Things to know about peptide synthesis

About peptide synthesis

In organic chemistry, the process of production of peptides in which various amino acids are linked via amine bonds or peptide bonds is called peptide synthesis. In the biological process, the production of peptides or proteins is called protein biosynthesis. The techniques of linking of amino acids to the chain are the old but it will help to find out the solutions for many problems.

Applications of peptide synthesis

The invention of the peptide synthesis enhances the development of different applications, such as

  • It helps to study the protein functions, identifications, and characterization of proteins.
  • It helps to develop the epitope-specific antibodies against pathogenic proteins.
  • It helps to study the enzyme- substrate interacts within the important enzyme classes like kinases and proteases (these play a vital role in cell signalizing).
  • Synthetic peptides are used as reagents in MS (mass spectrometry) based application.

SPPS – Solid Phase Peptide Synthesis

Peptide synthesis should be done on a rainin symphony peptide synthesizer or some of the similar instrumentation which is capable of automated solid-phase peptide synthesis. The expanded method for the protection of the synthetic peptides in the laboratory is called solid phase peptide synthesis. SPPS helps to make the rapid assembly of the peptide chain through the reactions of amino acid derivatives on the insoluble porous support.  The nasal peptide chain linked with the reactive groups which are functionalized with the small, polymeric resin.  The peptides remain covalently stick to the support throughout the peptide synthesis. You can remove only the excess reagents and side products by filtering and washing.

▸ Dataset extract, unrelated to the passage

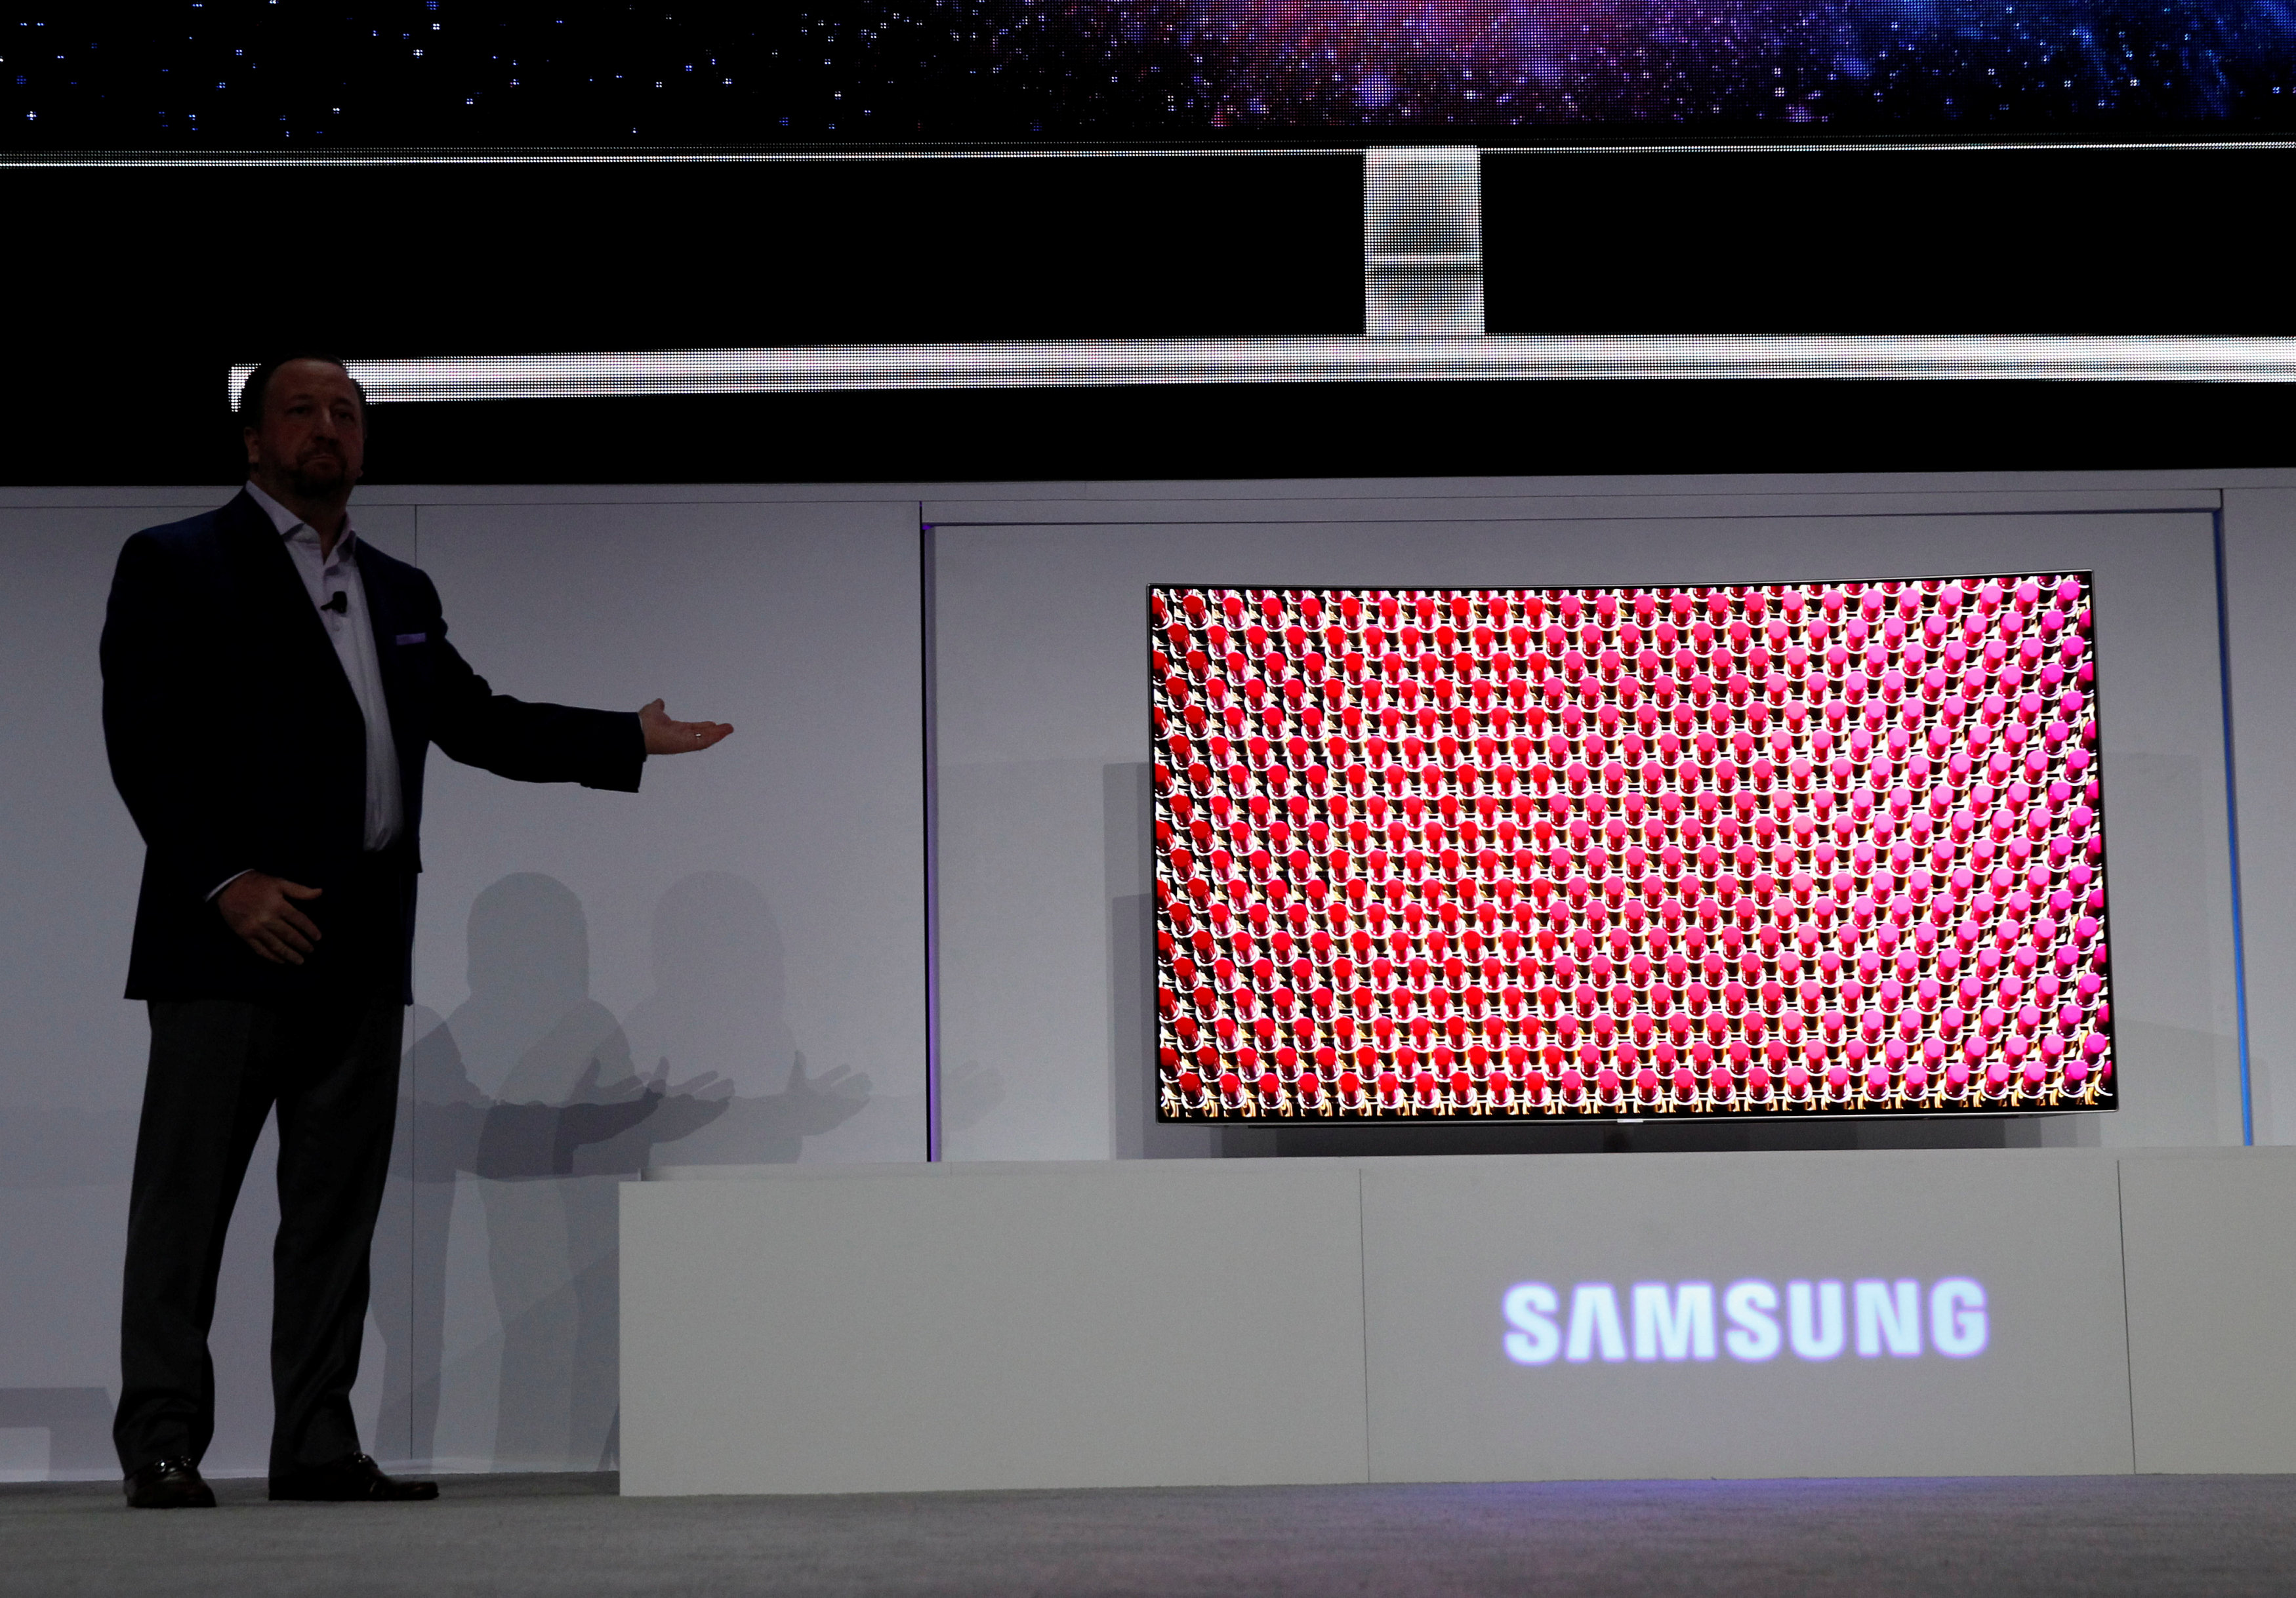 Samsung Mau Bikin Televisi yang Bisa Dikendalikan oleh Pikiran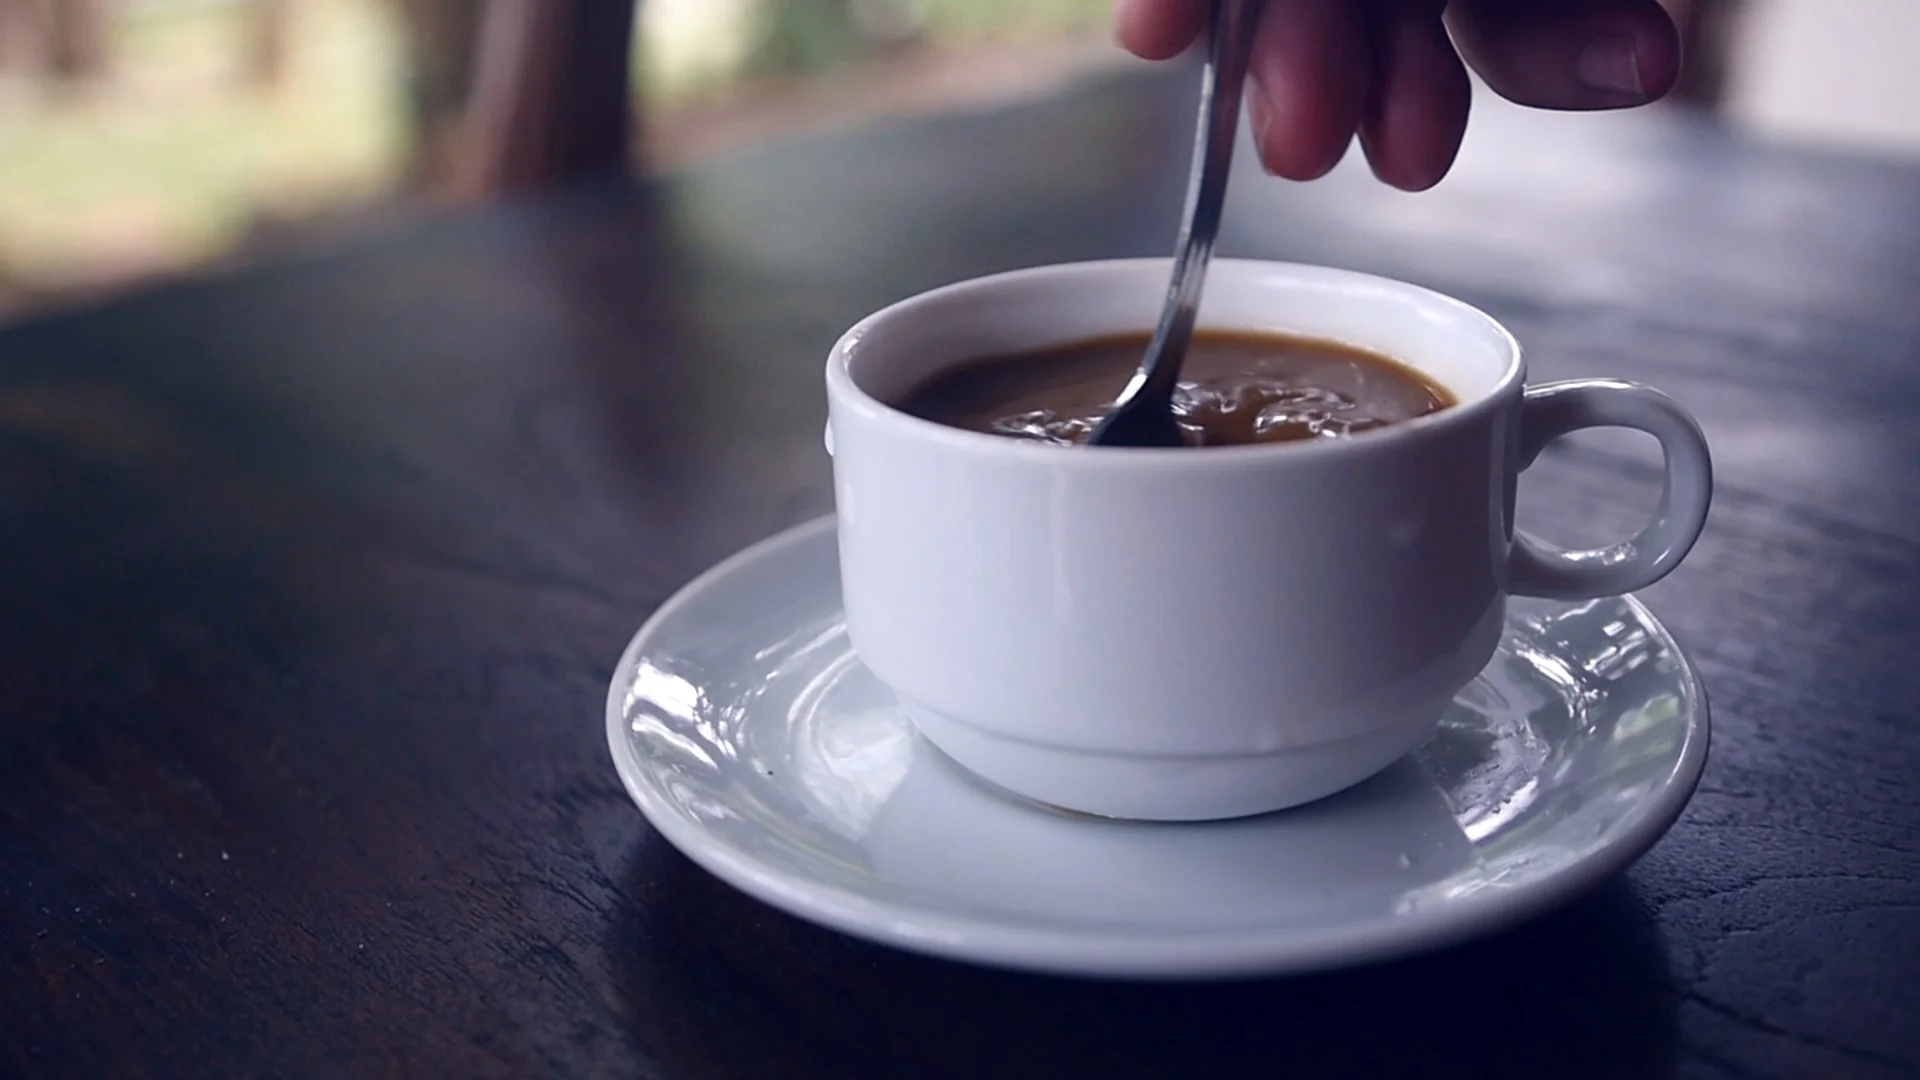 https://images.pond5.com/stir-hot-coffee-cup-spoon-footage-087163832_prevstill.jpeg

Each amino acid should be coupled to the peptide chain N-terminus which is protected on its N- terminal and side chain using appropriate protecting chain. Based on the side chain, the protection strategy is used.

The normal procedure of SPPS is the repeated cycles of alternate N-terminal deprotection and coupling reaction. The resin should be washed between each step. The first step is amino acid coupled to the resin. The amine is deprotected, and then it will couple with the second amino acids. This action is repeated until the required synthesis is formed. The peptide synthesis has some limitations in the range of 70 amino acids can’t be assessable for synthesis.

Improvements of SPPS

After some long years, different variants and improvements of SPPS have been developed by exchanging chemicals to optimize for certain applications. Different resins allow for various functional groups at the c-terminus. The oxymethylphenylacetamidomethly (PAM) resin and wang resin formed in the conventional c-terminal carboxylic acid. The paramethylbenzhydrylamine (pMBHA) and rink amide give the c-terminal amide which is used in mimicking the interior of a protein.

The main advantages of the improved SPPS are good acid stability and ultraviolet absorption which helps to monitor and prepare easily. Moreover, the side chains have to be protected and prevent the formation of branched chains. It should be stable, permanent and compatible with Na-protection however it is easy to remove with acid after the peptide synthesis.